Looking over the historical record, it seems lucky that the United States has lasted as long as it has on the American continent.
Despite its vast resources and abundant flora and fauna, this land has never been an easy place for our species. If the paleontologists are to be believed, it was utterly devoid of human life until the first Cro-Magnon ancestors crossed the land-bridge over the Bering Strait. The cultures that established themselves after that had a bad habit of suddenly going extinct: the archaeological record is littered with the detritus of thriving groups that either collapsed into barbarism or simply vanished altogether.

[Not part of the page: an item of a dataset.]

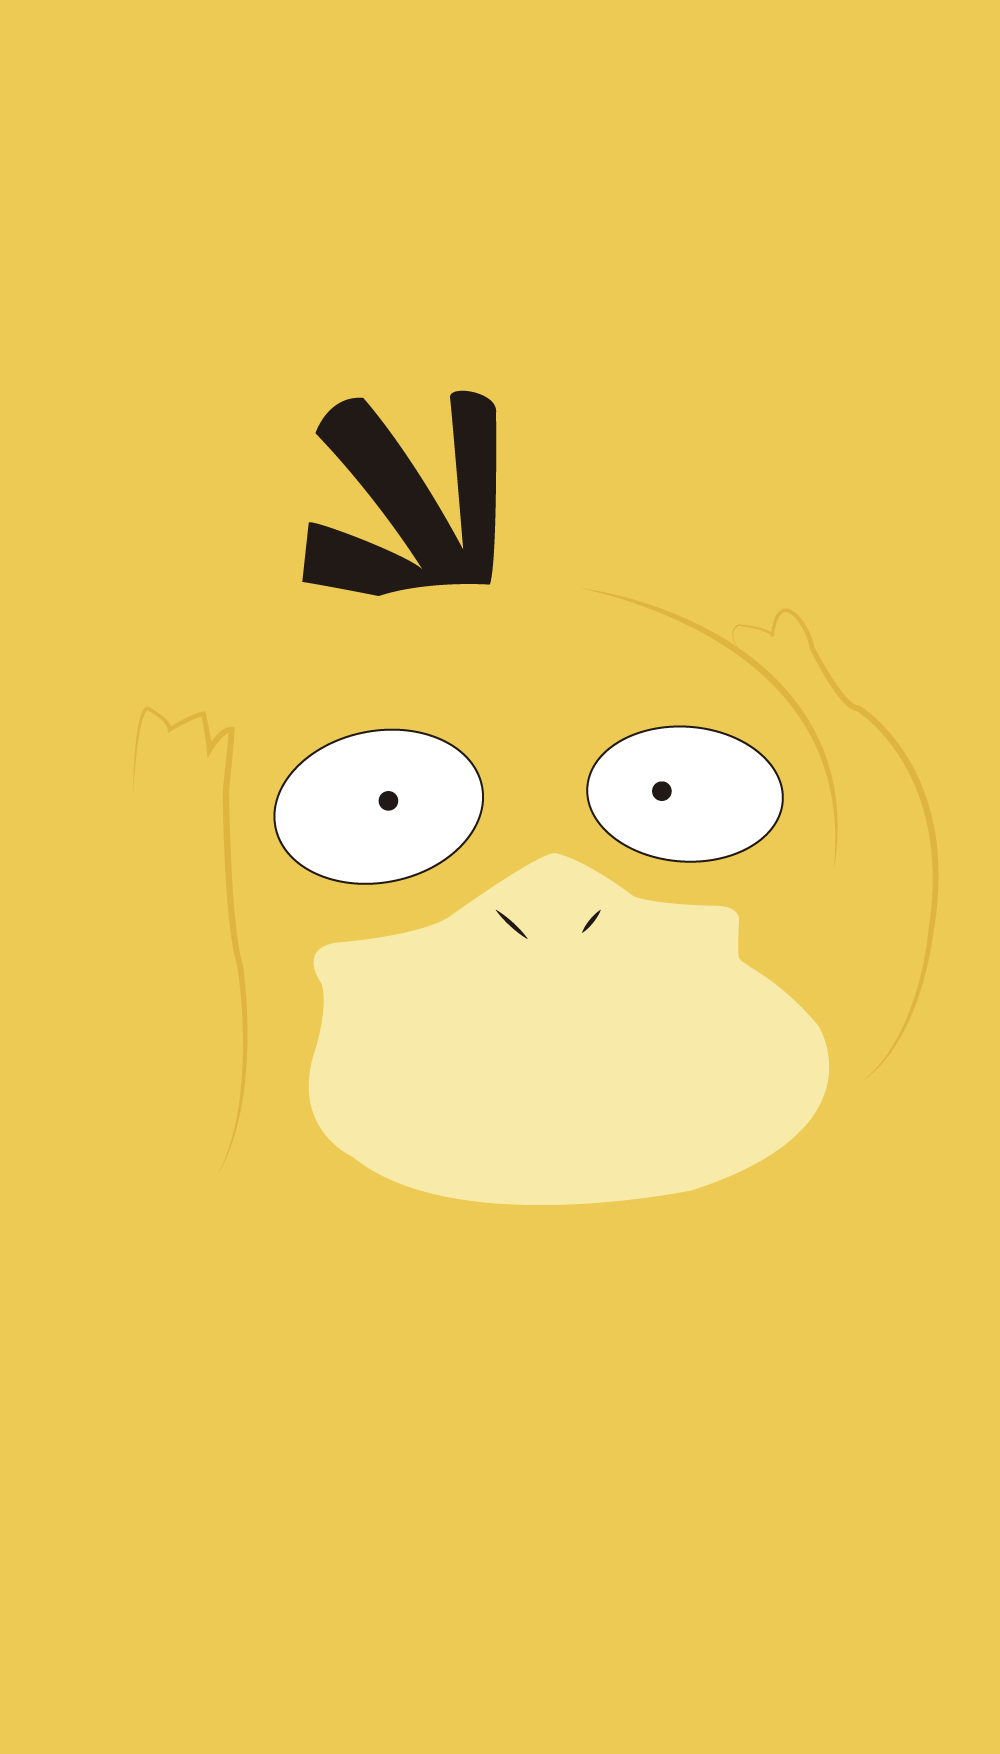 Original Psyduck Laddyのイラスト Pokemon Pikachu Wallpaper
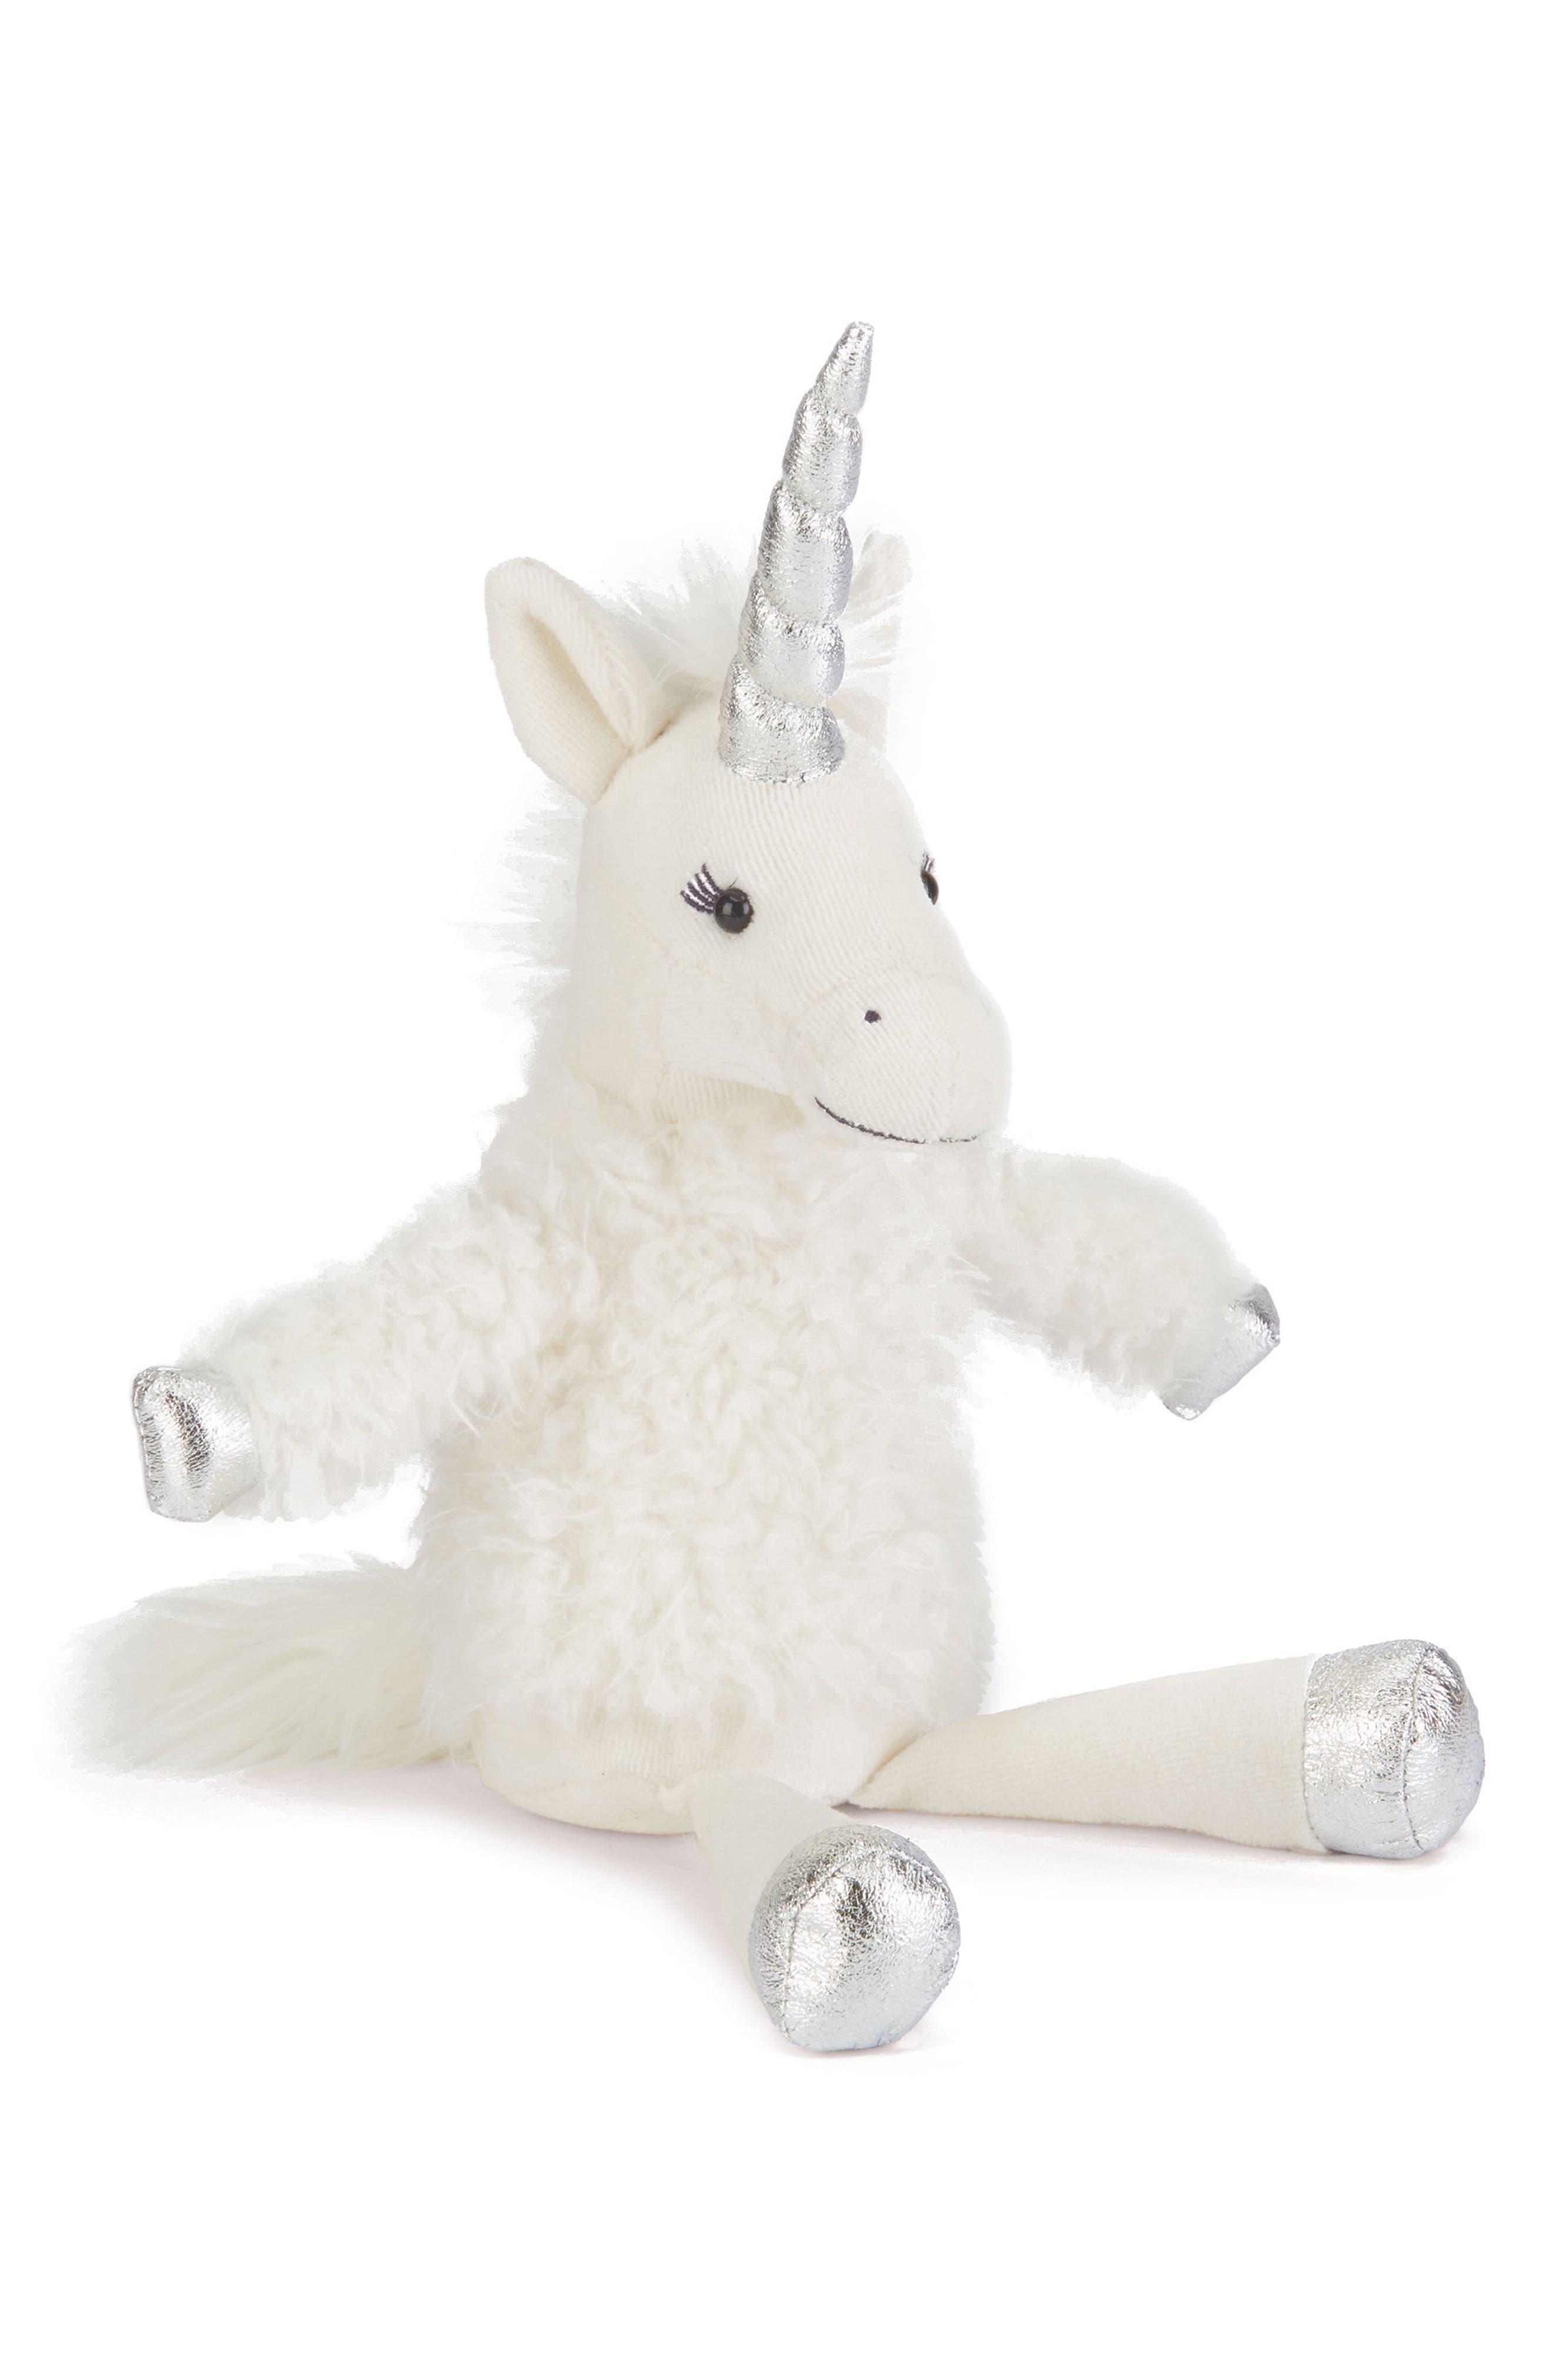 main image jellycat pearl the unicorn stuffed animal

The Anasazi abandoned their city of cave dwellings after descending into cannibalism; the Adena/Hopewell culture maintained a near-empire from the lower portions of what is now Canada to Mexico and Central America before deserting their cities in a great migration; and a few centuries later, as the Fort Ancient peoples began to reclaim some of the skills lost by their ancestors, their population suddenly splintered and dropped back into primitivism. It was almost as if there were some force watching
and waiting for these cultures to reach a certain level of advancement. Once they crossed this line, however, that was too far, and it slapped them back to the Stone Age. Without written records, we can’t be sure what happened, but there is none of the evidence we’ve come to expect of wars or disease or famine. Instead, the early Americans just seem to disappear at the height of their achievements.
These disappearances didn’t end when European settlers began their incursion into the Americas, either. The settlers of the first English colony, Roanoke, disappeared with only the cryptic word CROATOAN carved into a tree left behind. Several Spanish outposts were found abandoned by the conquistadors who returned to them after taking their plunder home. And many of the Plains Indian tribes—who curiously, did not claim any relation to the Adena and Hopewell cultures or their massive earthworks or decaying cities—told Old World explorers to avoid great swathes of the new lands or suffer the consequences.
Maybe they knew something we didn’t. Maybe when the first human stepped off that land-bridge and onto the half-frozen soil of what we now call Alaska, he was trespassing. And maybe the real owners of America will show up again someday, and serve us all an eviction notice, just like they’ve done before.
—Journal of Dr. William Kavanagh, Sanction V research group (Classified)
9:40 P.M., OCTOBER 25, 2012, THE WHITE HOUSE, WASHINGTON, D.C.
The campaign’s private Gulfstream zipped Cade and Zach back to Andrews in a little over an hour. A car and driver waited for them. Cade’s special Secret Service creds got him past the front gate of the White House with a minimum of human contact. Zach stayed in the car, eyes glued to his pad, trying to track down the data Cade had demanded.
It was already late. If they wanted to get back to the campaign before sunrise, he’d have to be quick.
But at the door of the Lincoln Bedroom, he still hesitated.
There were very few things in the world that still frightened Cade.